Background: Neuroendocrine tumors (NETs) are a group of heterogeneous cancers arising from a variety of anatomic sites. Their incidence has increased in recent years. This study aimed to analyze the prognosis of NETs originating from different anatomic sites.
Methods: We identified 73,782 patients diagnosed with NETs from the Surveillance Epidemiology and Ends Results (SEER) database from 1973 to 2014. Clinical data were compared between patients with different primary tumor sites using the chi-squared test. Differences in survival among NET patients with different tumor sites were compared by Kaplan-Meier analysis. Cox proportional hazard models were performed to identify the prognostic factors of overall survival.

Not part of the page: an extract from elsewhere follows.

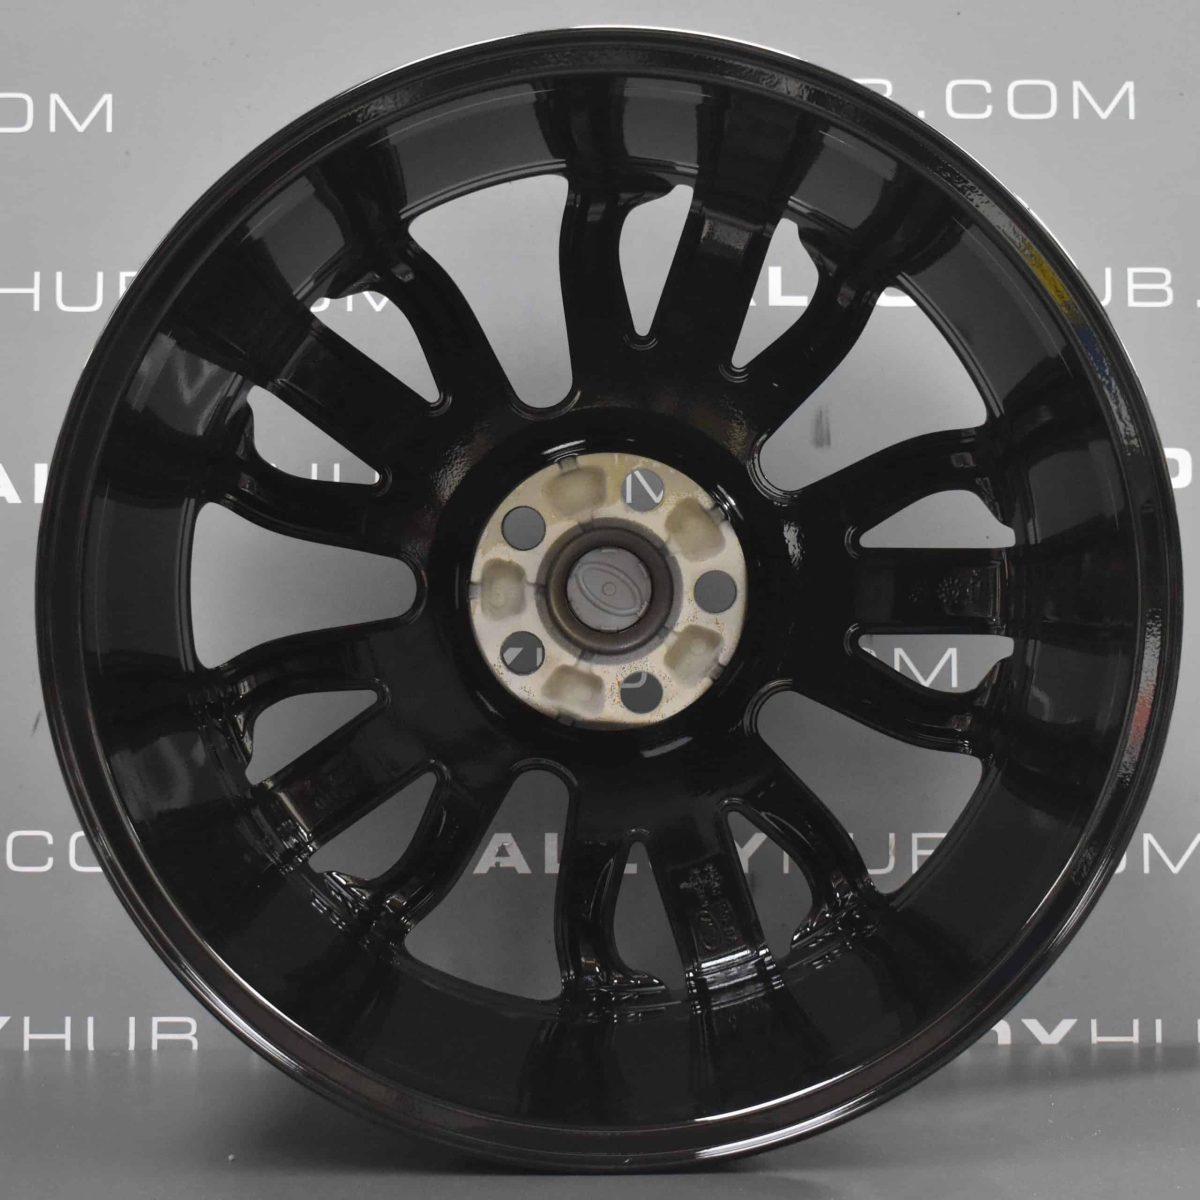 "Genuine Land Rover Range Rover Style 5007 21"" inch 5 Split-Spoke Gloss Black Forged Alloy Wheels VPLWW0091"

Results: In this cohort, the lung/bronchus was the most common site of NETs, accounting for 30.6%, followed by the small intestine (22.2%), rectum (16.2%), colon (13.4%), pancreas (10.8%), and stomach (6.8%). Totally, 73,782 patients were selected for this cohort from 1973 to 2014. The median survival duration was 41 months. The 1-, 3-, 5-, and 10-year overall survival rates for patients with NETs were 72.8%, 52.7%, 39.4%, and 18.1%, respectively. Patients with NETs located in the rectum had the best prognosis, followed by those with NETs in the small intestine (HR, 1.660, 95% CI, 1.579, 1.744), lung/bronchus (HR, 1.786, 95% CI, 1.703, 1.874), stomach (HR, 1.865, 95% CI, 1.755, 1.982), and colon (HR, 1.896, 95% CI, 1.799, 1.999). Patients with NETs in the pancreas had the highest risk of mortality (HR, 2.034, 95% CI, 1.925, 2.148).
Conclusion: Significant differences in survival were found among various primary tumor sites. NETs in the rectum had the best prognosis, while those in the pancreas had the worst. Primary tumor sites might be one of the most useful outcome predictors in patients with NETs.
Keywords: SEER program; neuroendocrine tumor; primary tumor sites; survival analysis.